Con el apoyo de la UNCTAD y la ONUDD, se han promovido conceptos y métodos estadísticos que mejoran las capacidades de las naciones para rastrear y combatir estos flujos ilegales.
Hasta ahora, 22 países han aprovechado estos esfuerzos para unirse en la lucha contra los flujos financieros ilícitos, reuniendo a organismos y entidades de diversos sectores para analizar datos y rastrear estos flujos.
Además, se encuentra en desarrollo un proyecto mundial de cuatro años destinado a fortalecer aún más estas capacidades y acercar a las naciones al cumplimiento de los Objetivos de Desarrollo Sostenible (ODS).

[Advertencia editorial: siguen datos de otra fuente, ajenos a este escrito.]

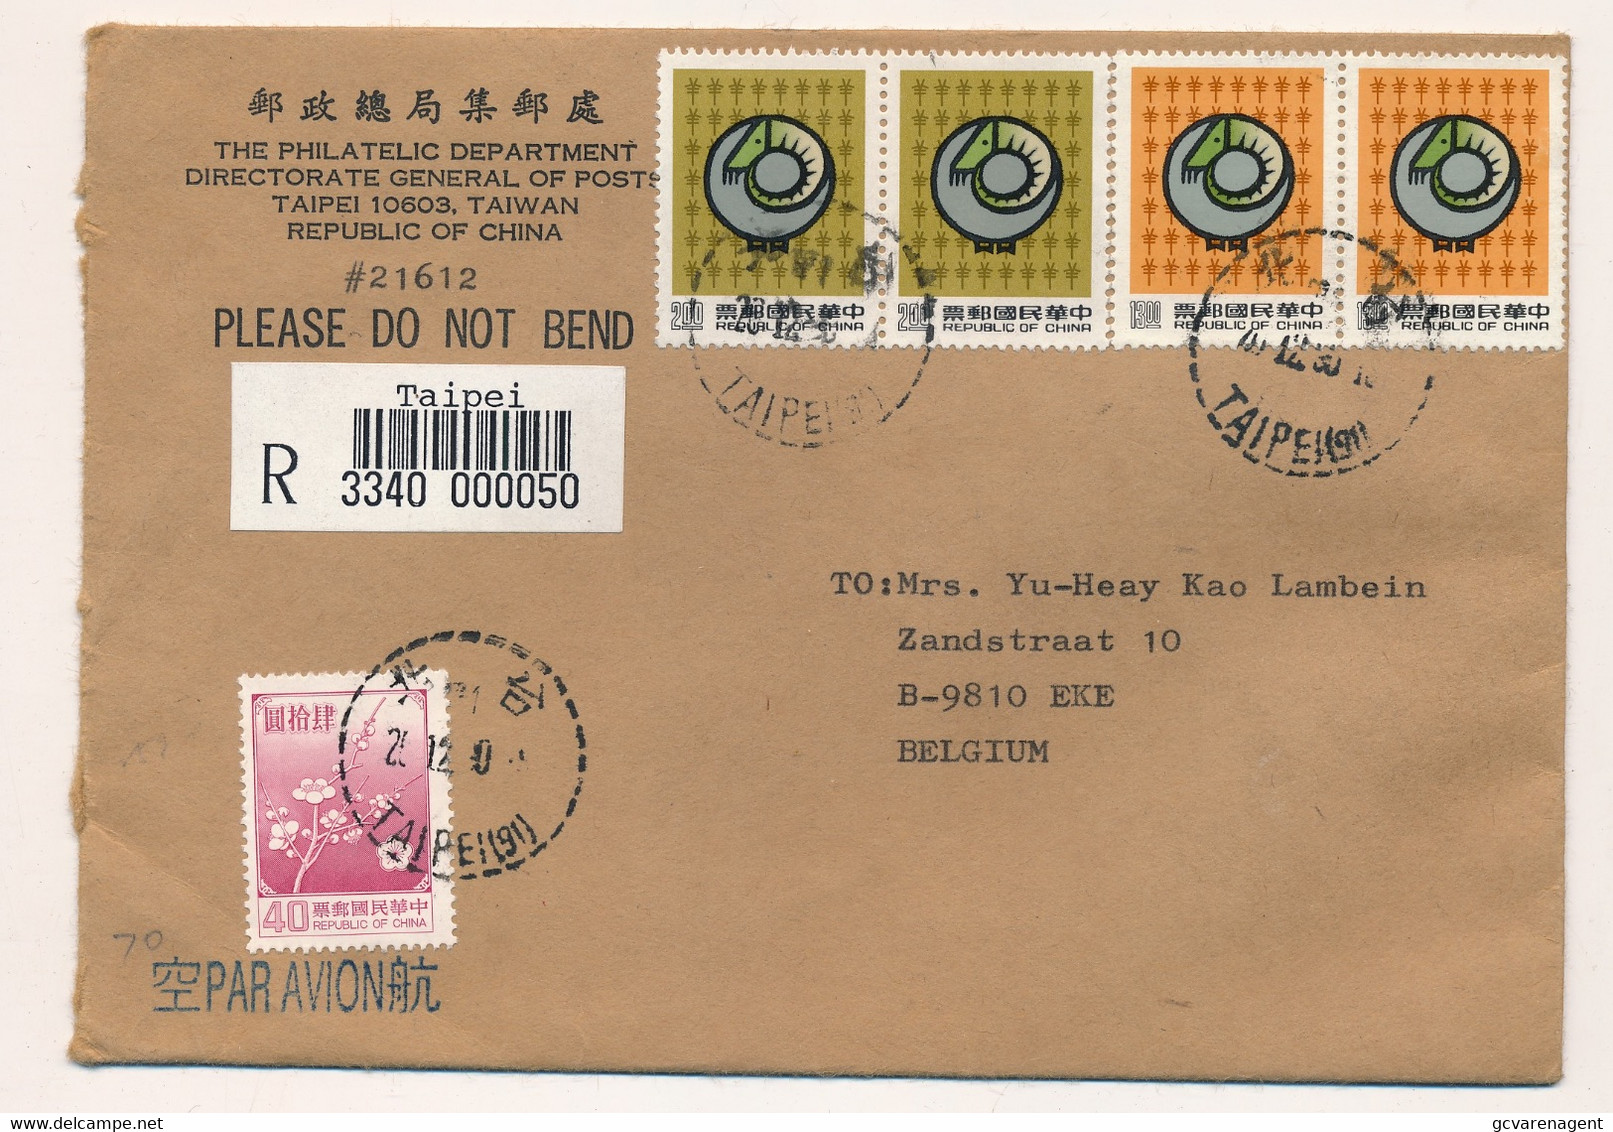 TAIWAN REPUBLIC OF CHINA     RECOMMANDE  TAIPEI - Briefe U. Dokumente

El FMI ha incluido dentro de sus objetivos la lucha contra los flujos financieros ilícitos, los cuales incluyen la financiación del terrorismo y el lavado de activos entre otros. Sin embargo, la falta de transparencia en las operaciones bancarias, la multiplicación de los paraísos fiscales y la liberalización del sistema financiero, hacen que esta lucha sea muy difícil.
Se deben tomar medidas urgentes
La revelación de estos datos por parte de la UNCTAD sobre los flujos financieros ilícitos es un llamado de atención para la comunidad internacional. Es imperativo que las naciones se unan y tomen medidas urgentes para abordar este problema que socava el desarrollo sostenible.
Como afirmó Théodora Aleka-Laban, miembro de Comisión Nacional de Lucha contra la Corrupción y el Enriquecimiento Ilícito de Gabón (África), “la erradicación de los flujos financieros ilícitos les permitiría a los países autofinanciar su desarrollo y avanzar hacia un futuro más próspero y sostenible para todos”. La cooperación global y el compromiso son esenciales para lograr este objetivo.
El control de los flujos supone una reforma de la arquitectura financiera, hacia una mayor transparencia y una reforma de la fiscalidad internacional, buscando el control de la evasión.